# The set of all infinite binary sequences

Let's assume that there exists the set $$S$$ of all possible infinite binary sequences $$s_i$$:

$$S=\{s_1,s_2,\ldots s_i \ldots\}$$

The sequences $$s_i$$ are such as $$\{1,1,1,1,\ldots\}$$, $$\{0,0,0,0,\ldots\}$$, $$\{0,1,0,1,\ldots\}$$ etc.

Following the Cantor's diagonal argument we can construct a sequence $$s_0$$ that is not in the set $$S$$. So there is a contradiction because we had assumed that the set $$S$$ contains ALL such infinite sequences of $$1$$'s or $$0$$'s. If we add the $$s_0$$ to $$S$$, then we can again construct another $$s_0'$$ that will not be in the set $$S$$, and so on.

Where's the problem with my reasoning? How do we define/construct the set that contains all such sequences?

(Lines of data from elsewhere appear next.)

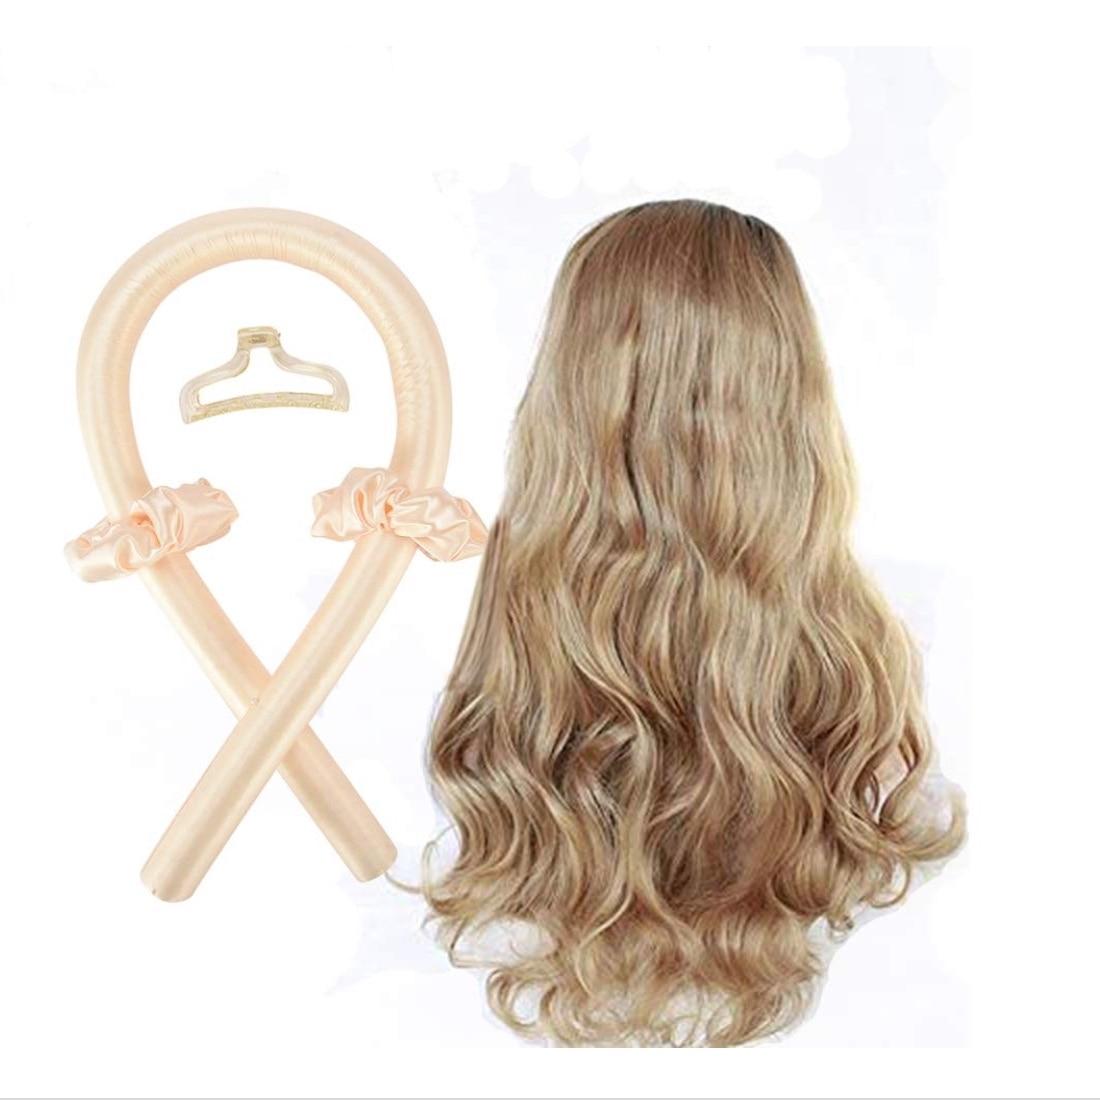 4PCS/Set Heatless Hair Curlers For Long Hair To Sleep In Overnight and No Heat Silk Curls Headband w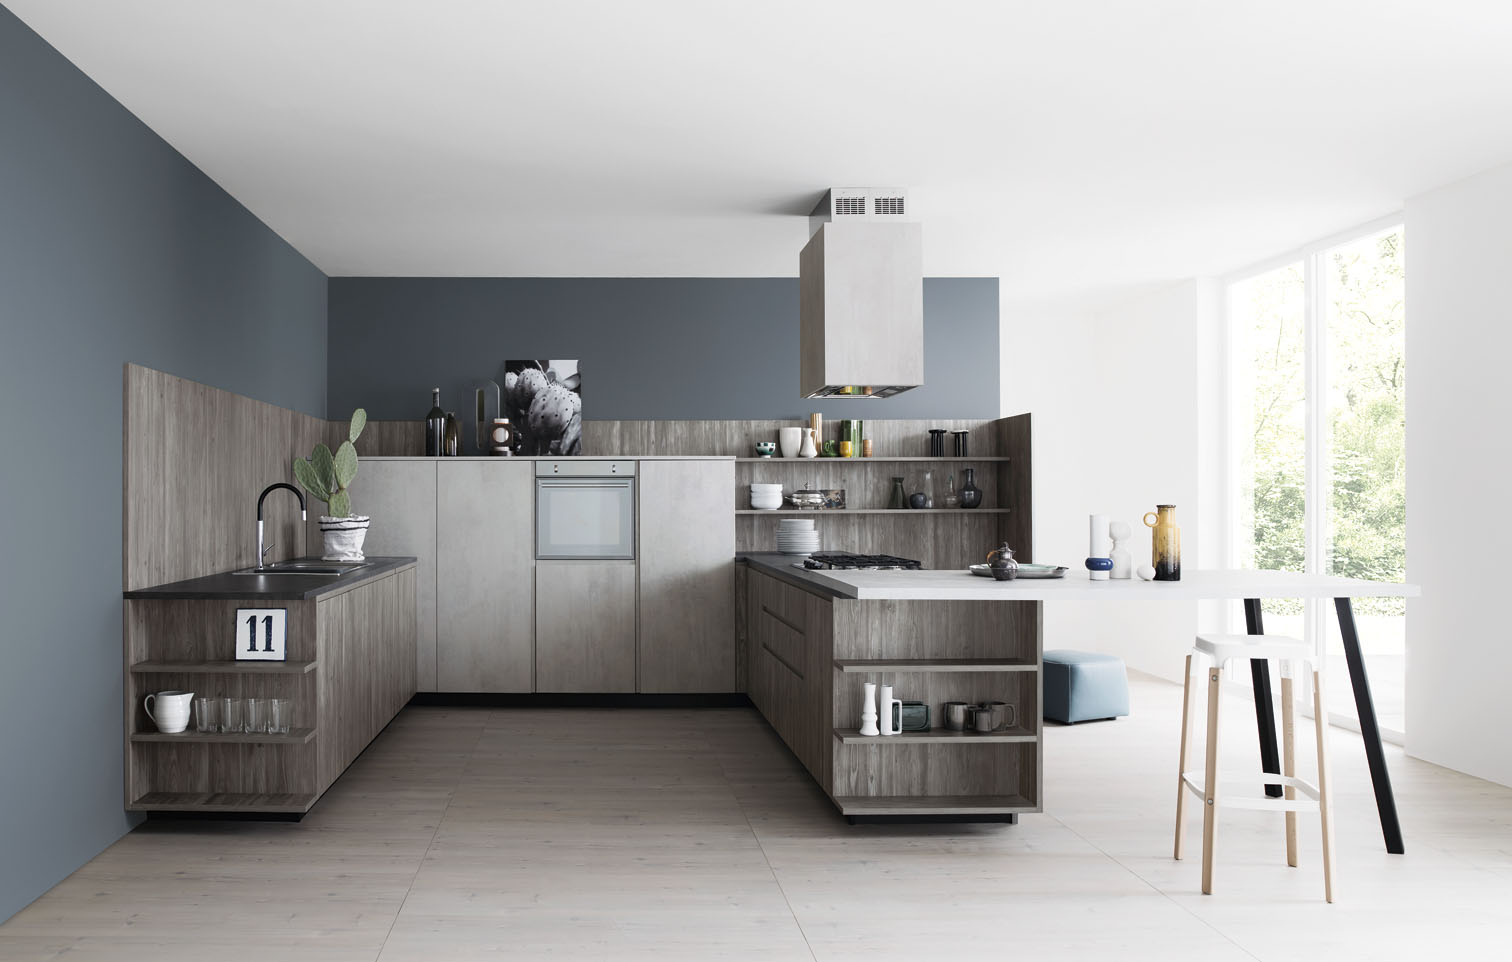 Lupparelli cesar cucine mobili lupparelli - Mobili urban chic ...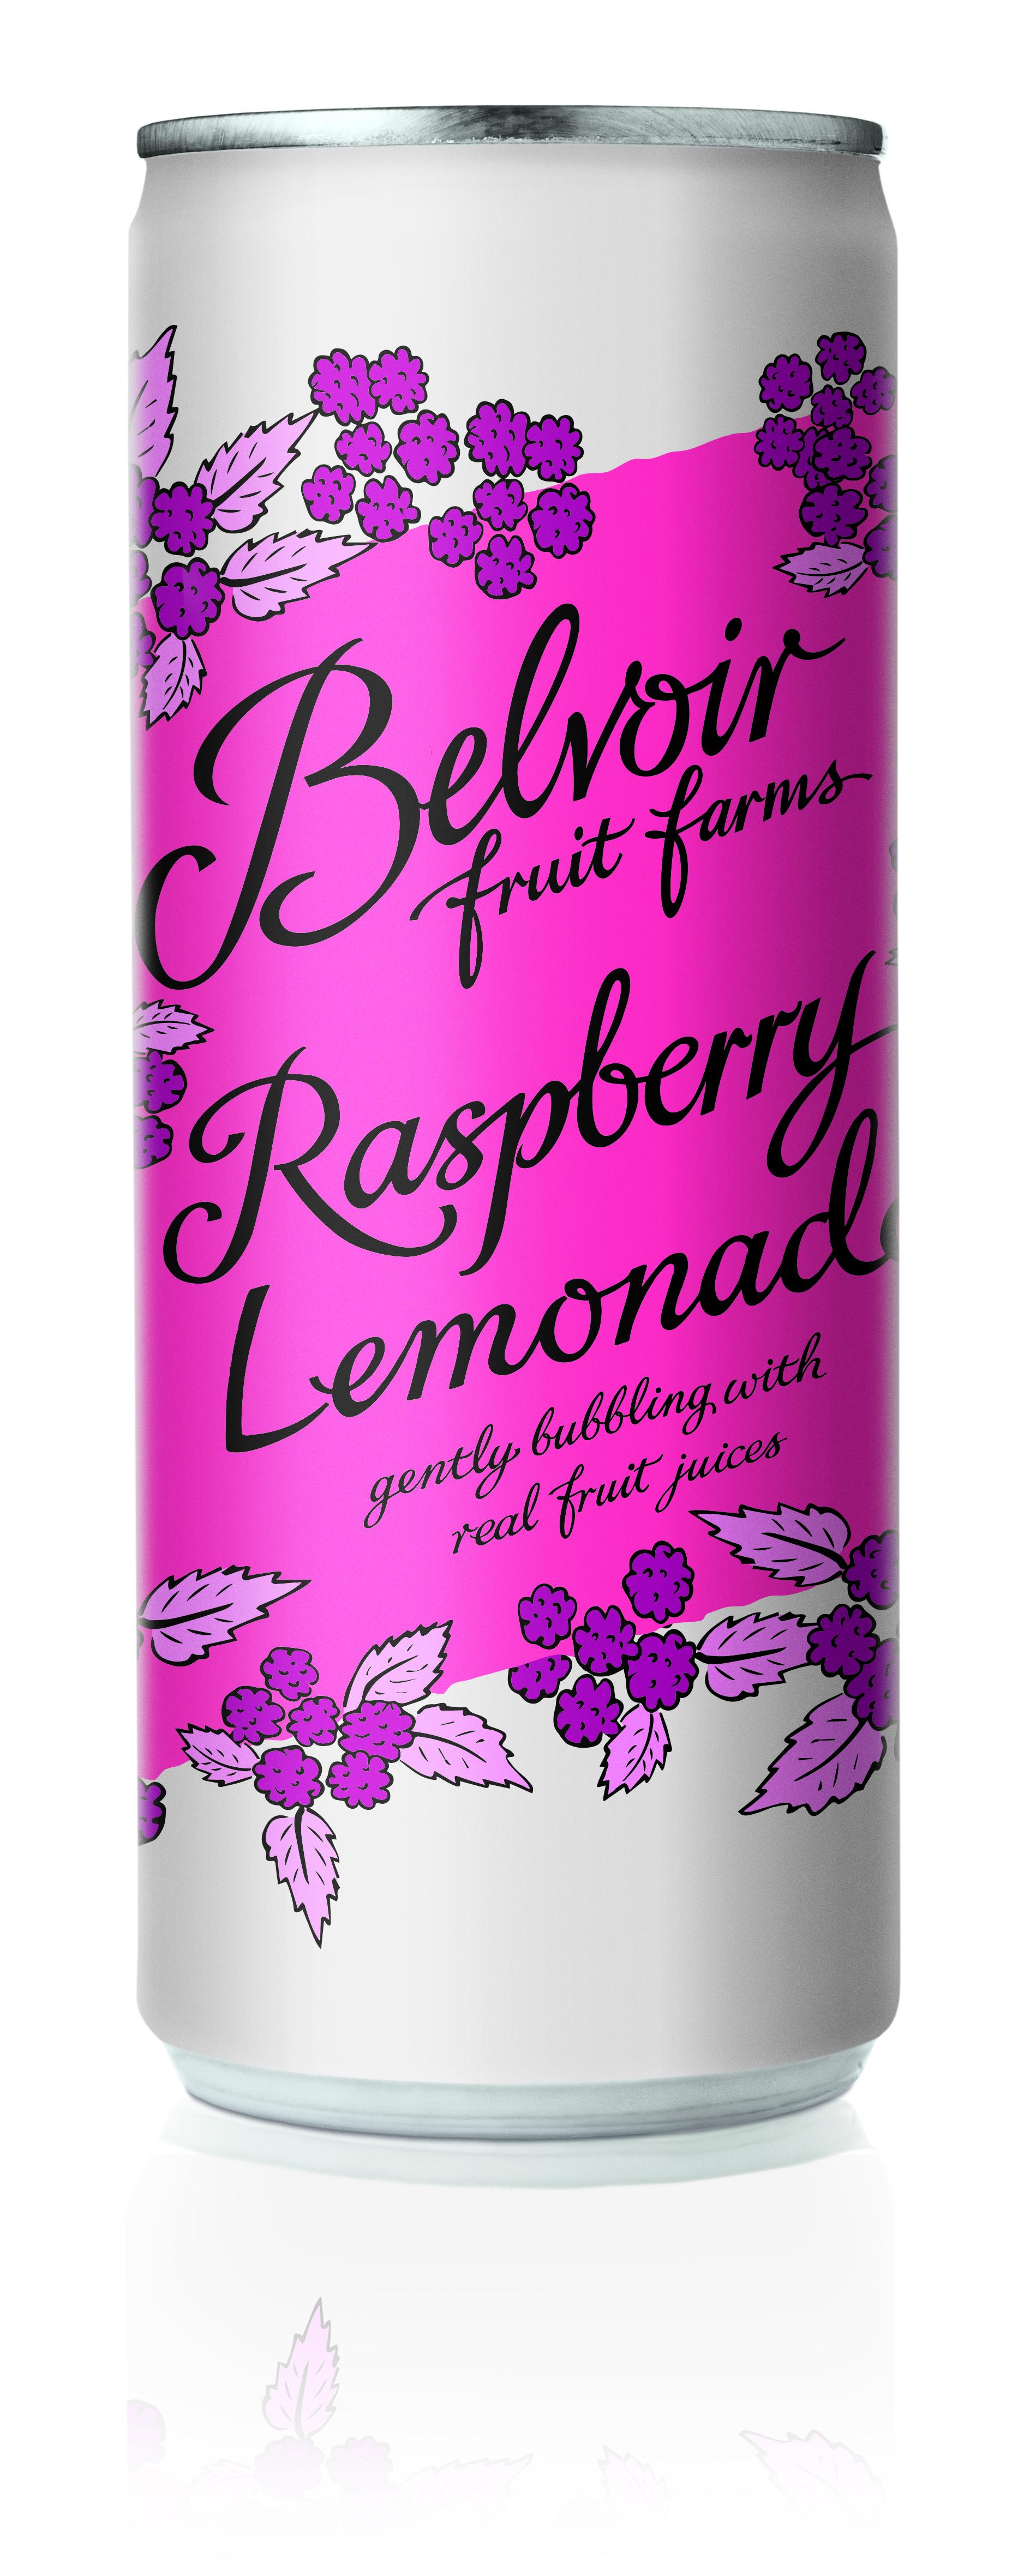 Raspberry Lemonade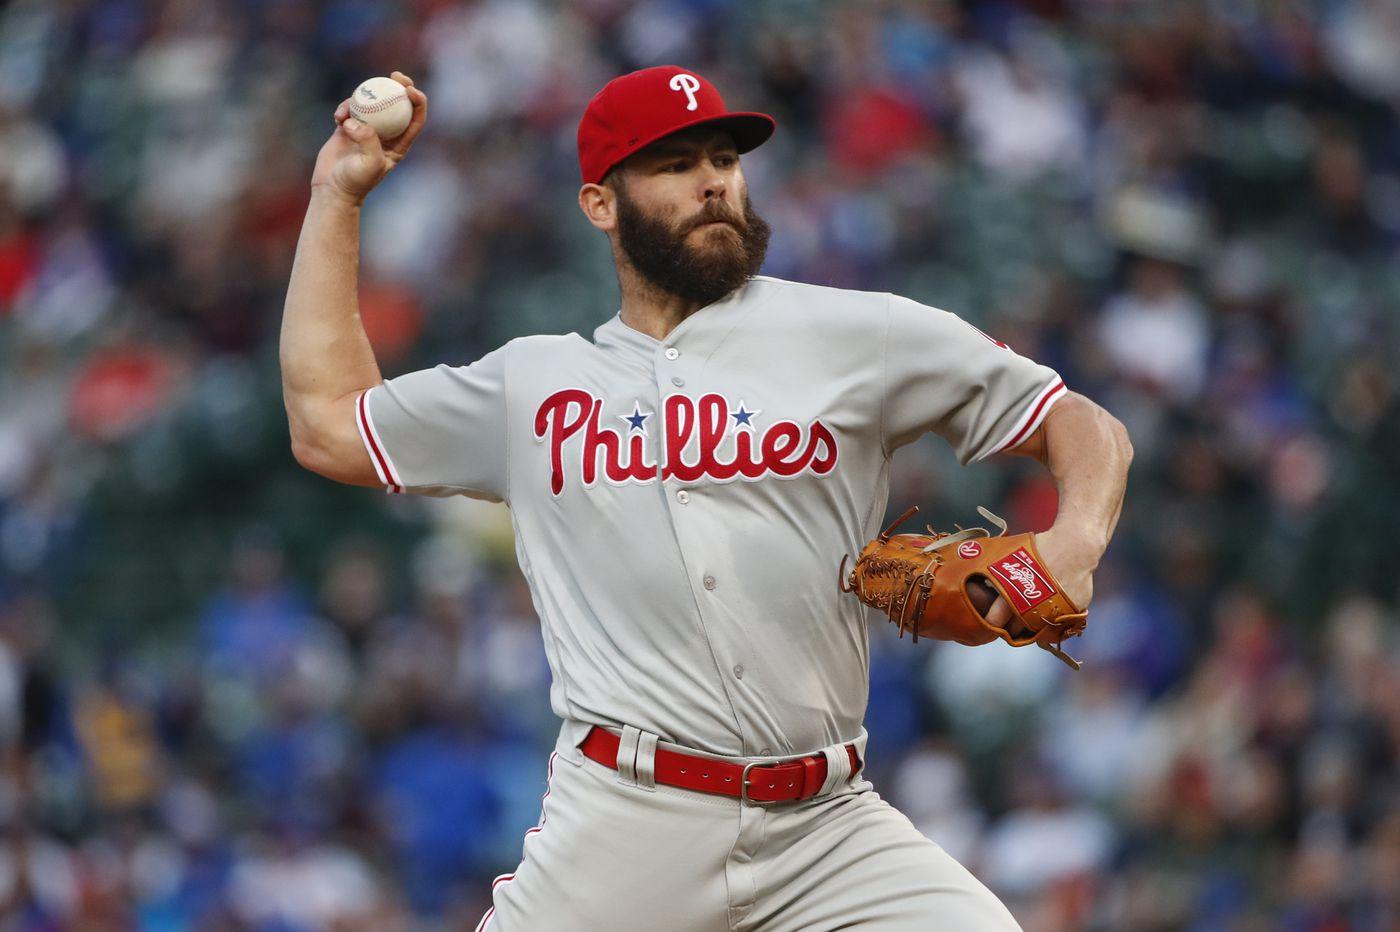 Phillies beat Brewers behind Jake Arrieta's impressive eight innings

You were supposed to be assuming, for the sake of contradiction, that $S$ was countably infinite; Cantor's diagonal argument tells you how to construct, for any countably infinite collection of binary sequences, a binary sequence not in that collection. Thus, the set $S$ of all binary sequences (which is a perfectly well-defined object) is uncountable.
The fact that it uses is that you have a map from $\Bbb N\to A$ (the collection of all sequences(sets)), so it assumes that collection to be countable. But, since this argument contradicts the completeness of the collection , therefore, it implies that you can't have any map from $\Bbb N\to A$ and thus, $A$ is uncountable.
You can define $A$ or $S$ as $$\{(s_1,s_2,s_3,\cdots): s_i\in\{0,1\} \forall i\in \Bbb N\}$$
Let $$S$$ denote the set of inﬁnite binary sequences. Here is Cantor’s famous proof that $$S$$ is an uncountable set. Suppose that $$f : S → \mathbb{N}$$ is a bijection. We form a new binary sequence $$A$$ by declaring that the n'th digit of $$A$$ is the opposite of the n'th digit of $$f^{−1} (n)$$. The idea here is that $$f ^{−1} (n)$$ is some binary sequence and we can look at its n'th digit and reverse it. Supposedly, there is some N such that $$f(A) = N$$. But then the $$N$$'th digit of $$A = f ^{−1} (N)$$ is the opposite of the $$N$$'th digit of $$A$$, and this is a contradiction.